A Aywaille, la Heid des Gattes mène grand bruit.

Mais à Aywaille, les élus changent souvent d'avis en passant du noir au blanc !

A tel point qu'on pourrait dénommer le site par l'appellation "Heid des Gaffes"

Situés entre les localités d'Aywaille et de Sougné, les rochers constituant la réserve naturelle de la Heid des Gattes sont sujets à bien des polémiques. En date de ce jour, 24 janvier 2005, les choses sont encore loin de trouver une issue qui soit favorable à l'une ou l'autre des parties mises en cause.

J'ai constitué un épais dossier relatif à cette problématique grâce à plusieurs documents qui m'ont été envoyés par quelques unes des parties concernées. Je souhaitais étayer davantage ce dossier; des coupures de presse et autres archives m'ont aidé à y parvenir. Et Dieu sait si on entend et si on lit bien des choses afférentes à cette épineuse “affaire”  Ces choses étant parfois très contradictoires selon les sources d'où elles émanent.

Dans un premier temps, j'avais pensé à publier et à expliciter toutes les tournures de cette controverse, m'appuyant sur les divers documents en ma possession.
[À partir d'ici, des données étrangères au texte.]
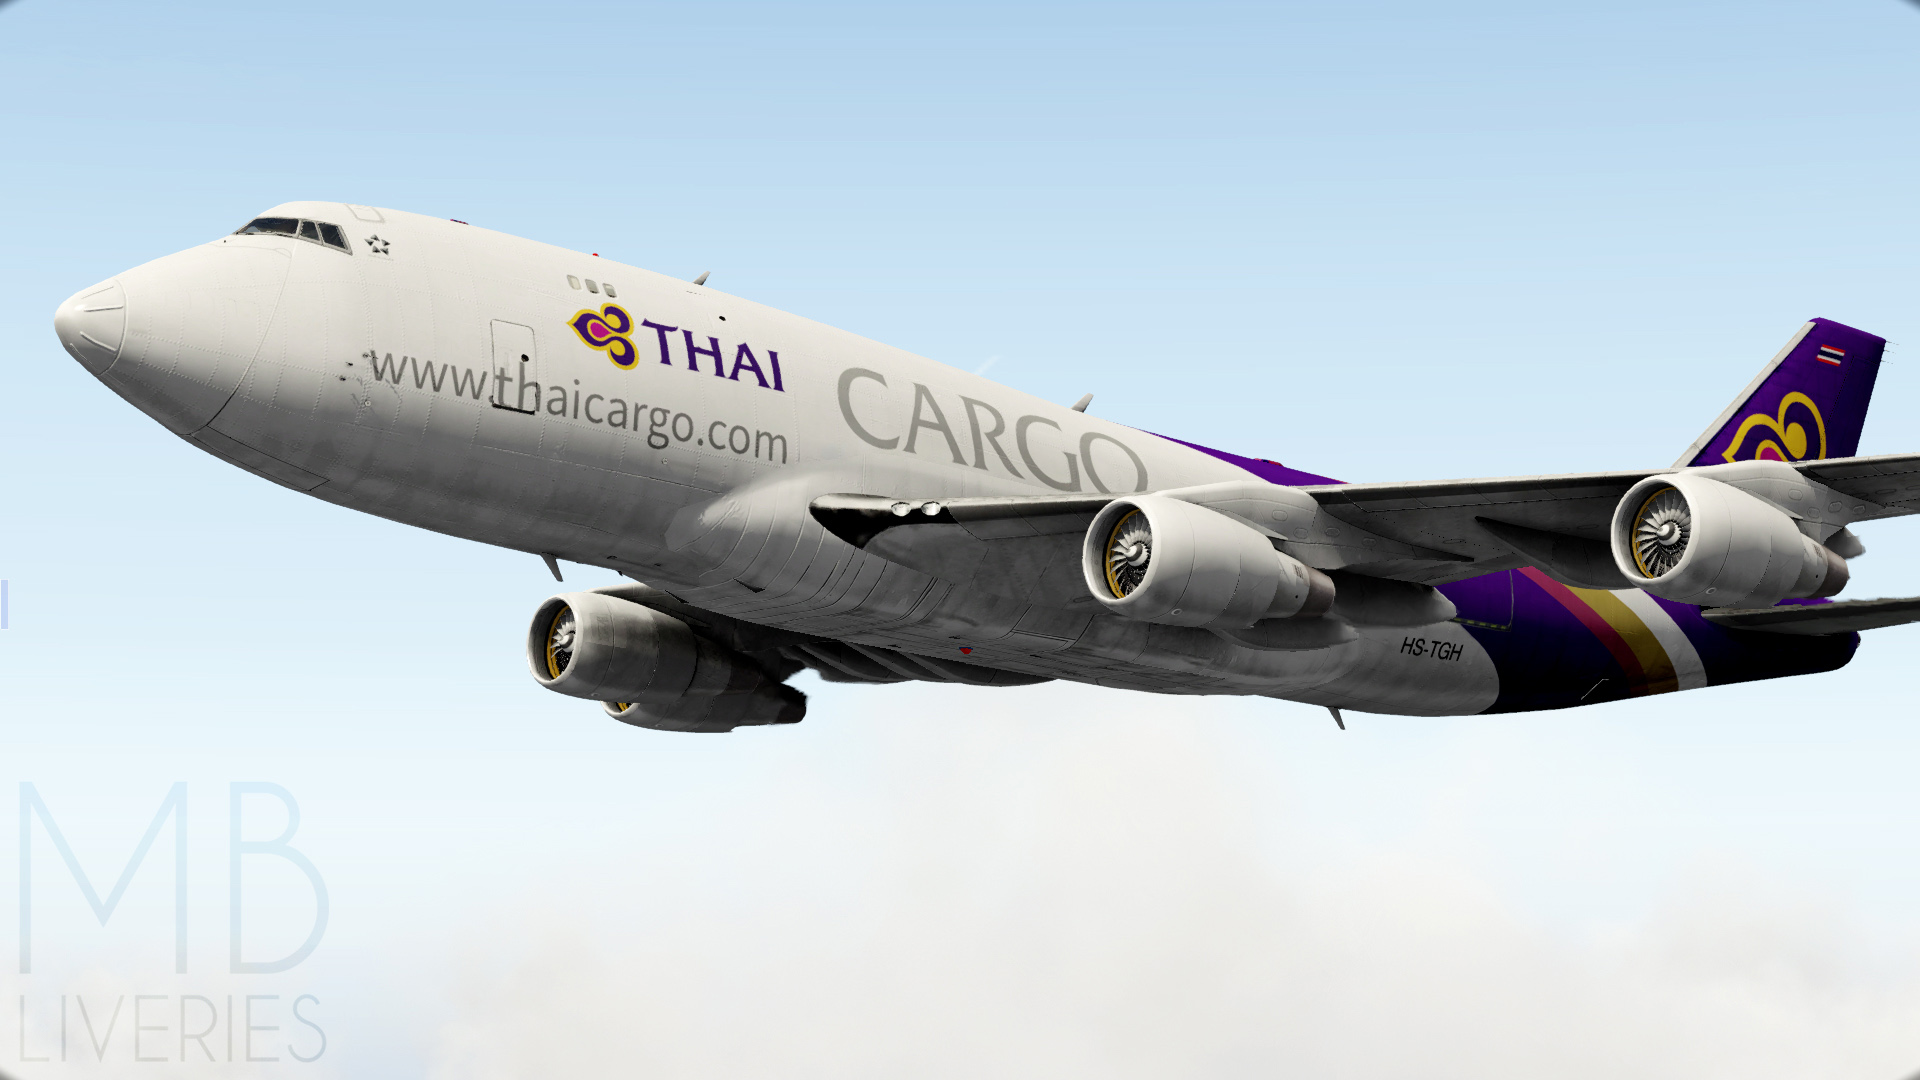 Thai Cargo - Boeing 747-400F (default) - Aircraft Skins

Après mûre réflexion, j'ai jugé plus opportun de ne pas le faire dans le sens où il est bien difficile de rester impartial. De plus, il ne m'appartient pas de révéler des particularités qui risqueraient d'irriter  certaines des parties en cause dans cette confrontation entre les autorités communales et les défenseurs de la nature.

On peut cependant se poser la question de savoir où commence et où s'arrête le bon sens. En effet, à l'heure actuelle le site ne profite qu'à une poignée de scientifiques. Dans quel but ? Est-il bien raisonnable de laisser à l'abandon une route pouvant servir de voie de délestage pour tenter de désengorger le centre de la localité d'Aywaille ? A chacun donc de se forger sa propre opinion.

Si la route doit être rouverte, il faut davantage sécuriser la falaise en dynamitant les endroits les plus dangereux. C'est le souhait des élus locaux. Par contre, les associations de défense de la nature refusent catégoriquement ces pratiques, prétextant qu'elles risqueraient de détruire à jamais la faune et la flore particulières, dit-on, à cet endroit.

La Heid des Gattes abrite une plante que l'on dit endémique : la joubarbe d'Aywaille. Est-elle, comme certains l'affirment, uniquement présente à Aywaille ? Rien n'est moins sûr.

 


Toutes les parties sont concernées.


Tant de véhicules y passaient jadis !

Selon des membres de certaines associations il y a très peu de risques d'éboulements, voire même aucun. Cela les arrange bien évidemment d'affirmer des choses qu'ils ne sauraient scientifiquement pas prouver. D'autre part, ces associations usent de ce prétexte afin de tenter d'enrayer le dynamitage des parois dangereuses. Cela dit, il n'est pas du tout recommandable de s'aventurer en ces lieux. C'est bien évidemment pour cette raison que l'administration communale d'Aywaille a pris la sage décision d'en interdire l'accès.

Pas de dynamitage de la falaise signifie pas de réouverture de la route mais il serait pourtant opportun de tenter de trouver rapidement une solution. Il y va de nos deniers.

 

Un peu d'histoire locale.

Reportons-nous quelques décennies en plus tôt. En 1944, plus exactement. Les localités d'Aywaille et de Sougné-Remouchamps sont des communes à part entière. Henri SAIVE est à ce moment suppléant d'Alphonse DECELLE, mayeur de Sougné-Remouchamps. Ce dernier ayant démissionné de ses fonctions suite à de graves ennuis de santé. La Commission des naturalistes liégeois demande à l'administration des Eaux et Forêts de soumettre au régime forestier une parcelle de terrain, d'une surface de 8ha 11a 54ca, située entre les carrières de la Falize et de Goiveux.

Sept années plus tard, l'asbl ARDENNE et GAUME manifeste son intention de louer le site par bail emphytéotique. Cette demande s'appuie sur des arguments scientifiques visant à préserver la faune et la flore particulières à ce site. Le 22 mars 1951, sous le mayorat de Joseph LIBERT, le Conseil marque son accord à cette demande. Ensemble, les deux parties vont trouver un terrain d'entente afin d'établir les modalités relatives au projet de ce bail.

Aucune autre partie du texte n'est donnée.